Table 5 Comparative genomics

Discussion

Advances in high throughput next generation sequencing techniques allow the production of vast amounts of data in different formats that currently cannot be analyzed in a non-automated way. Visualization approaches are today called upon to handle huge amounts of data, efficiently analyze them and deliver the knowledge to the user in a visual way that is concise, coherent and easy to comprehend and interpret. User friendliness, pattern recognition and knowledge extraction are the main goals that an optimal visualization tool should achieve. Therefore, tasks like handling the overload of information, displaying data at different resolutions, fast searching or smoother scaling and navigation are not trivial when the information to be visualized consists of millions of elements and often reaches an enormous level of complexity. Modern libraries, able to visually scale millions of data points at different resolutions are nowadays essential.

Current tools lack dynamic data structure and dynamic indexing support for better processing performance. Multi-threaded programming or parallel processing support would also be a very intuitive approach to reduce the processing time, when applications run in multicore machines with many CPUs. Efficient architecture setup, that would decentralize data and distribute the work between the servers and the clients, is also a step towards the reduction of processing time.

While knowledge is currently stored in various databases, distributed across the world and analyzed by various workflows, the need of integration among available tools is becoming a necessity. Next-generation visualization tools should be able to extract, combine and analyze knowledge and deliver it in a meaningful and sensible way. For this to happen, international standards should be defined to describe how next generation sequencing techniques should store their results and exchange them through the web. Unfortunately today, many visualization and analysis approaches are being developed independently. Many of the new methods come with their own convenient file format to store and present the information, something that will become a problem in the future when hundreds of methods will become available. Such cases are widely discussed in biological network analysis approaches [124, 125].
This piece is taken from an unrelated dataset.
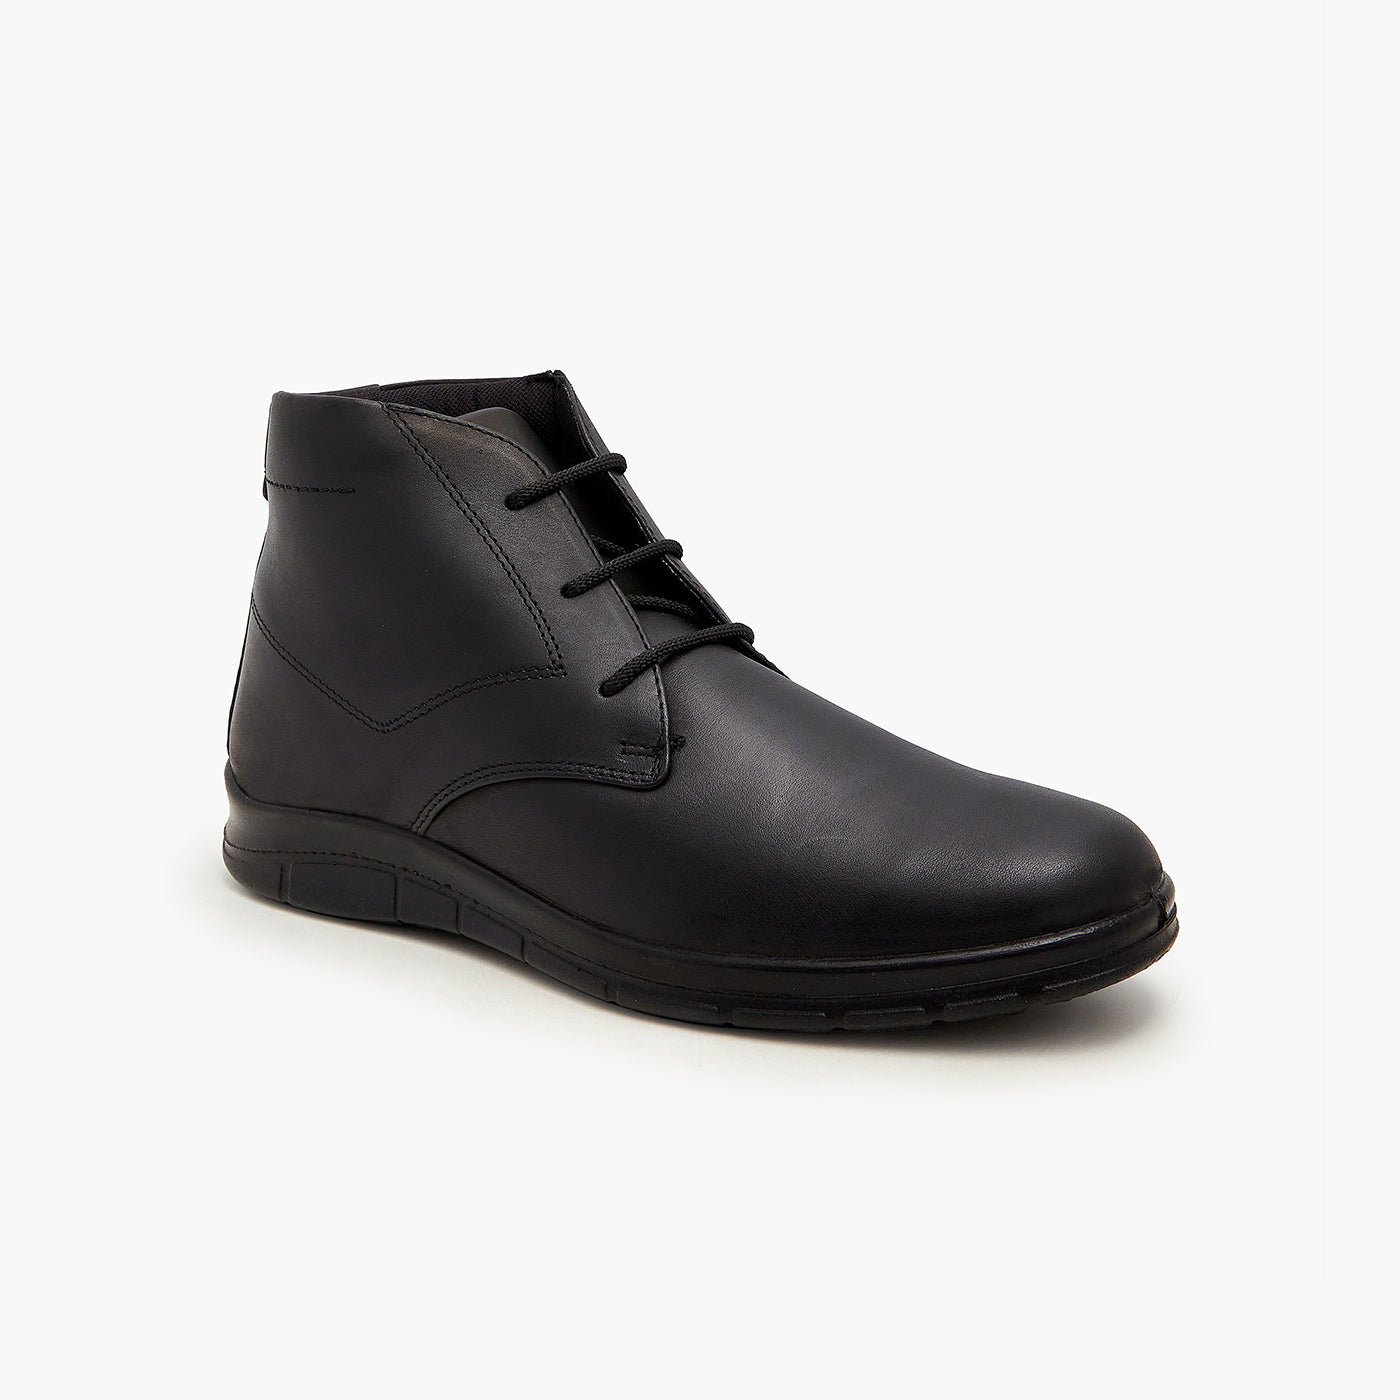 Comfortable Boots for Men

Visual analytics in the future will play an important role to visually allow parameterizations of various workflows. So far it may be confusing and misleading to the user, when various software packages often produce significantly different results just by slightly changing the value of a single parameter. Furthermore, different approaches can come up with completely different results despite the fact that they try to answer the same question. This can be attributed to the fact that they follow a completely different methodology, therefore highlighting the need for enforcing a more general output format. Future visualization tools should offer the flexibility to easily integrate and perform fine-tuning of parameters in such a way that it allows the end users to readily adjust their research to their needs.
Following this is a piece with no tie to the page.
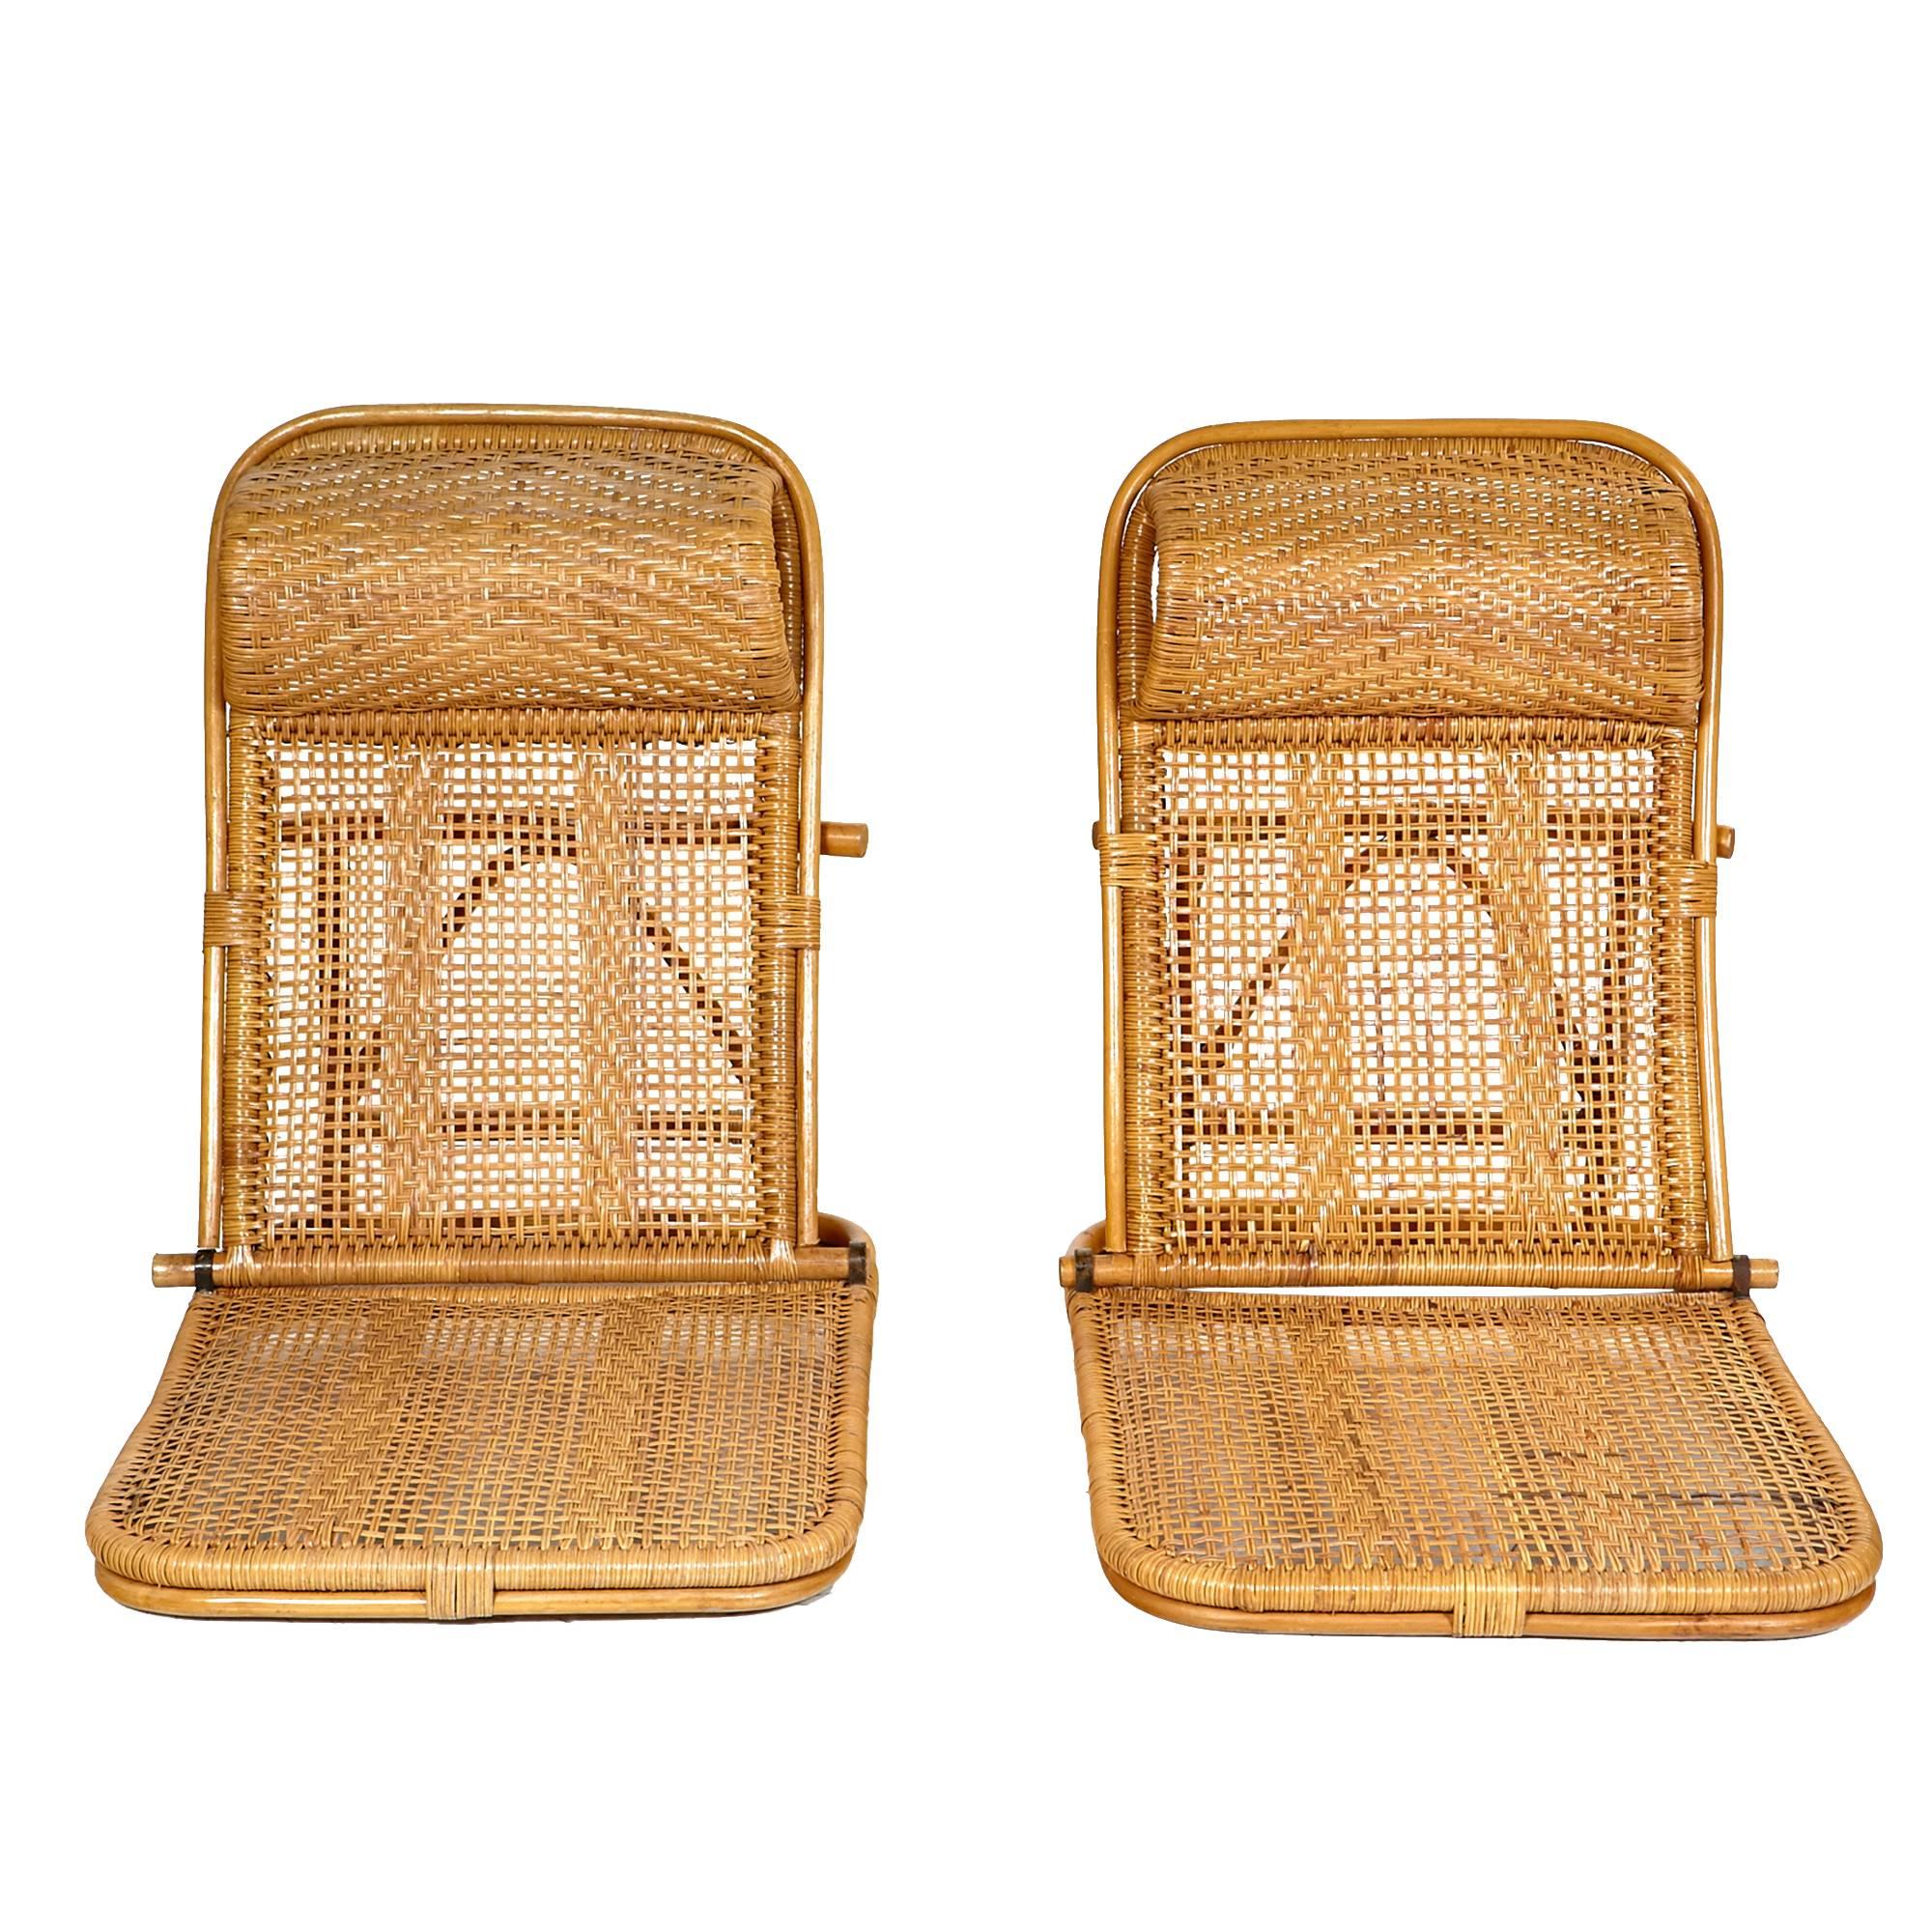 Mid-20th century pair of rattan and wicker folding beach chairs with built-in headrests. The chairs have a flat seat and two adjustable back positions; straight up and reclining angle. The chairs fold flat for storage. Excellent condition. Unmarked.

Finally, data integration at different levels varying from tools to concepts is a necessity. Combining functions from diverse sources varying from annotations to microarrays, RNA-Seq and ChIP-Seq data emerges towards a better understanding of the information hidden in a genome. Similarly, visual representations well established in other scientific areas, such as economics or social studies, should be shared and applied to the current field of sequencing.